米大統領が消毒剤の注射でCOVID-19を治療できる可能性を示唆、医師やメーカーが危険性を警告
米国のドナルド・トランプ大統領が23日、消毒剤を注射すればCOVID-19を治療できる可能性をプレスブリーフィングの中で示唆したことから、医師や家庭向けの消毒用製品メーカーが危険性を警告している(ホワイトハウスの記事、 Reutersの記事、 RBのニュースリリース、 Politicoの記事、 CBS Newsの記事)。
トランプ氏の発言は、唾液などに含まれるCOVID-19ウイルス(SARS-CoV-2)に対する消毒剤の効果を調査した米国土安全保障省(DHS)の発表を受けたものだ。プレスブリーフィングに出席したDHS次官代行で科学技術部門を率いるビル・ブライアン氏は、ウイルスが紫外線に弱いことや、気温と湿度が上昇すれば長時間安定を保つことができなくなることを説明したうえで、COVID-19感染者の唾液や呼吸器官から採取した液体に含まれるウイルスを漂白剤なら5分、イソプロピルアルコールなら30秒で殺菌できると述べた。
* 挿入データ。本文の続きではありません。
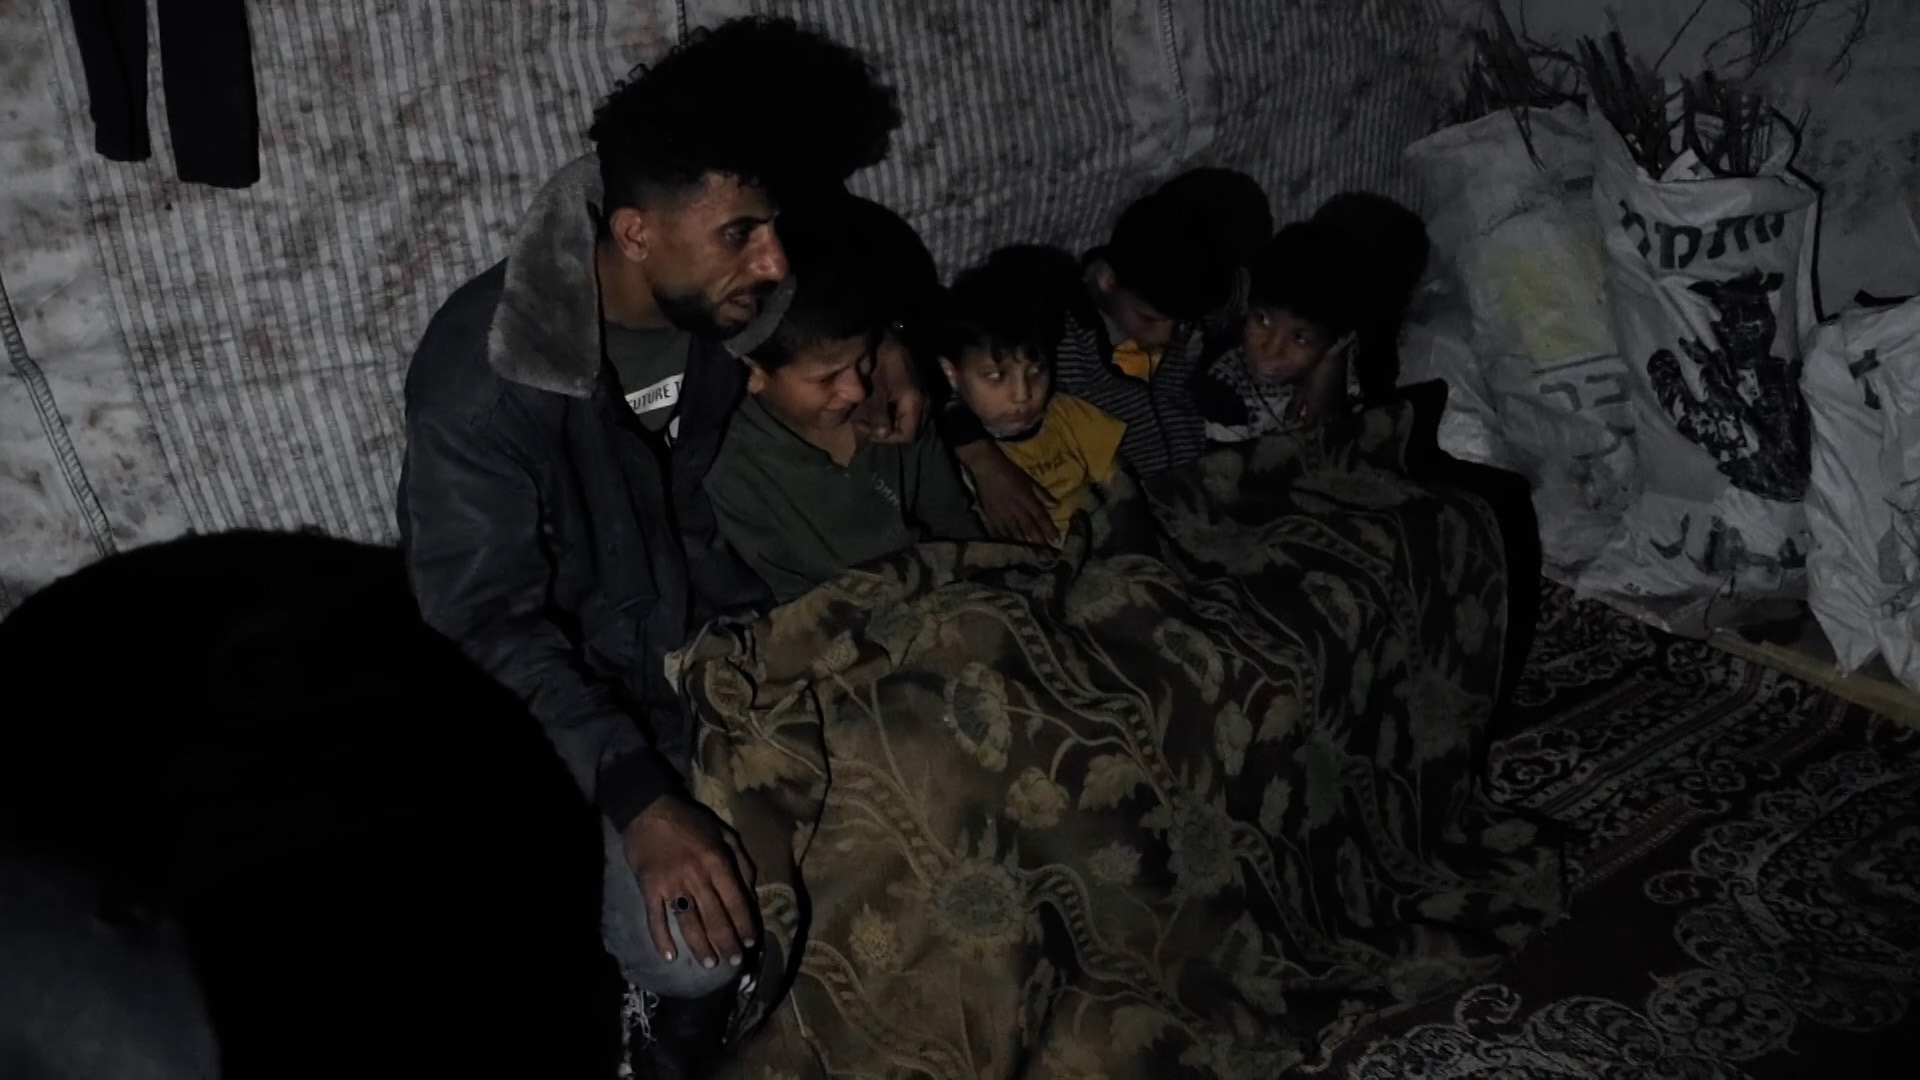 الشتاء يضاعف معاناة النازحين في مخيمات الإيواء بقطاع غزة | البرامج – البوكس نيوز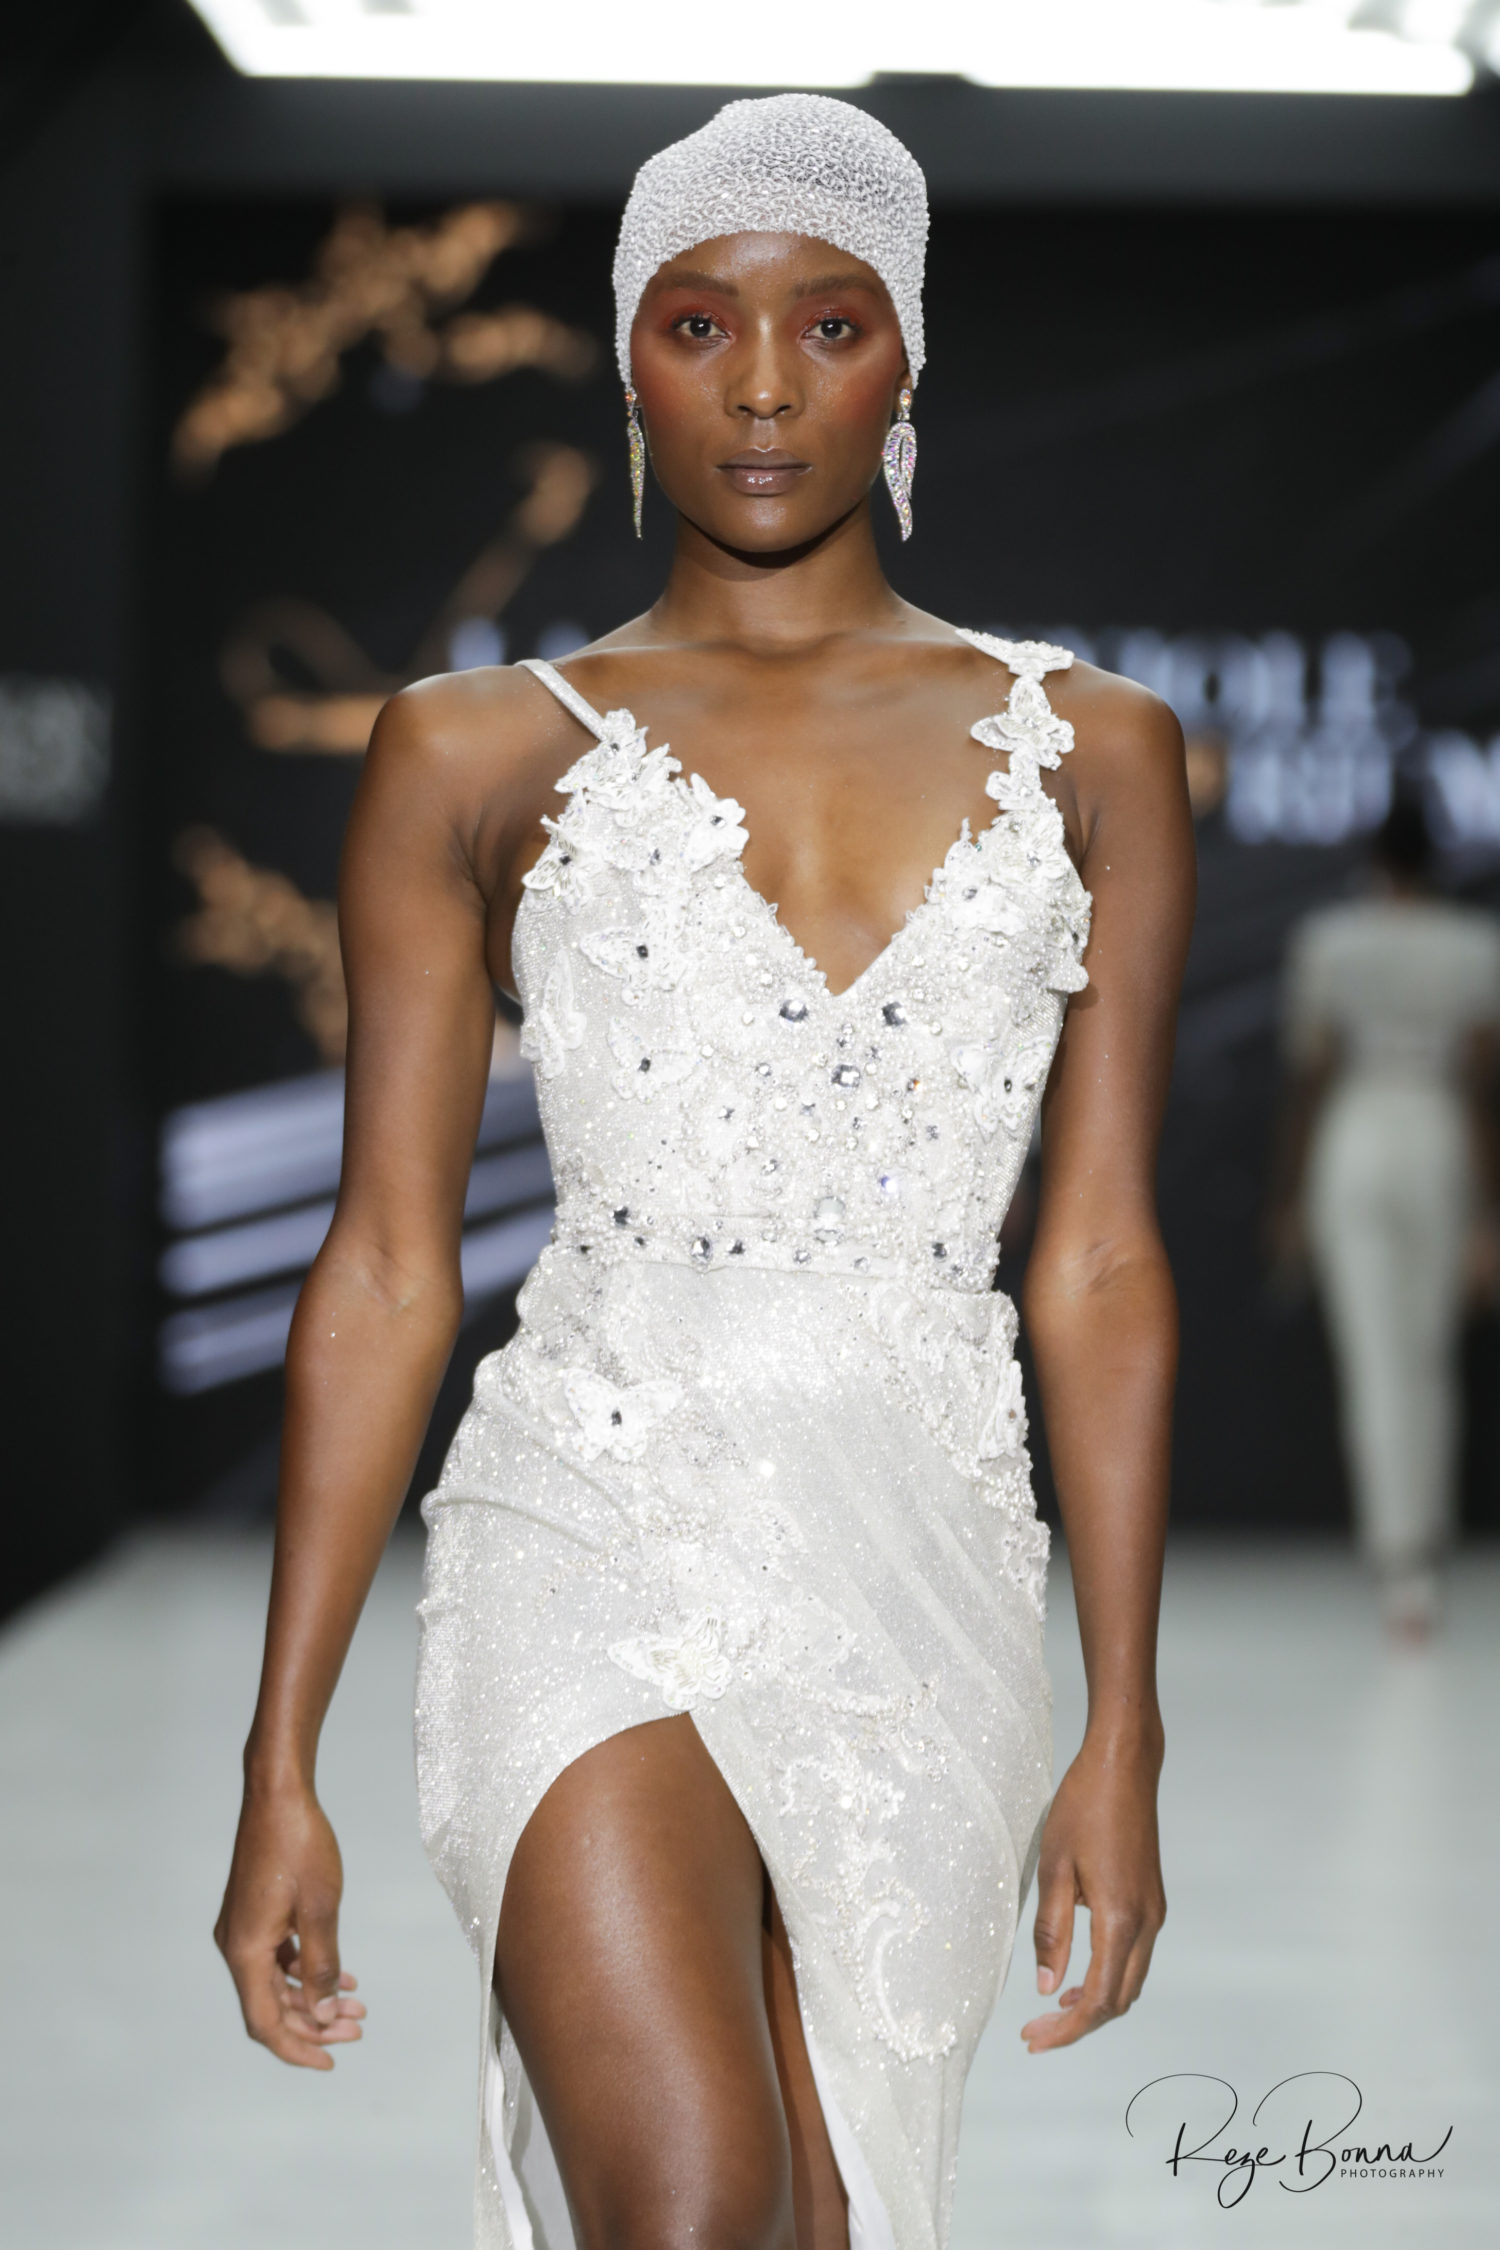 #AFICTFW19 | AFI Capetown Fashion Week L’Art Neviole

トランプ氏は1分間で殺菌できるなら注射でCOVID-19を治療できる可能性があることを示唆し、調べる価値があると指摘。医師の指示に従う必要があるものの、個人的には興味深いとも述べている。ただし、消毒剤を人間に注射するシナリオが想定されていないことを確認する記者の質問にブライアン氏が同意すると、トランプ氏も注射ではなく清掃・消毒に使用するものだと言い直している。
しかし英イーストアングリア大学のポール・ハンター氏がCOVID-19の治療に関して最も危険で愚かな示唆の一つだとし、世界にはこのようなナンセンスを信じて試してしまう人もいるため非常に無責任な発言だと批判するなど、医療関係者からの批判が相次いでいる。また、LysolやDettolといった家庭向けの消毒用製品を製造・販売するRBはトランプ氏を名指しはしなかったものの、消毒剤を注射や内服、その他の方法で人間の体内に入れるべき場面はないと述べ、製品の注意書きに従って使用するよう注意喚起した。
これに対しホワイトハウス報道官は無責任なメディアが大統領の発言をゆがめているなどと反論したが、消毒剤の注射による効果を調べる価値があるとトランプ氏が明確に述べたことを無視するものだとPoliticoは指摘している。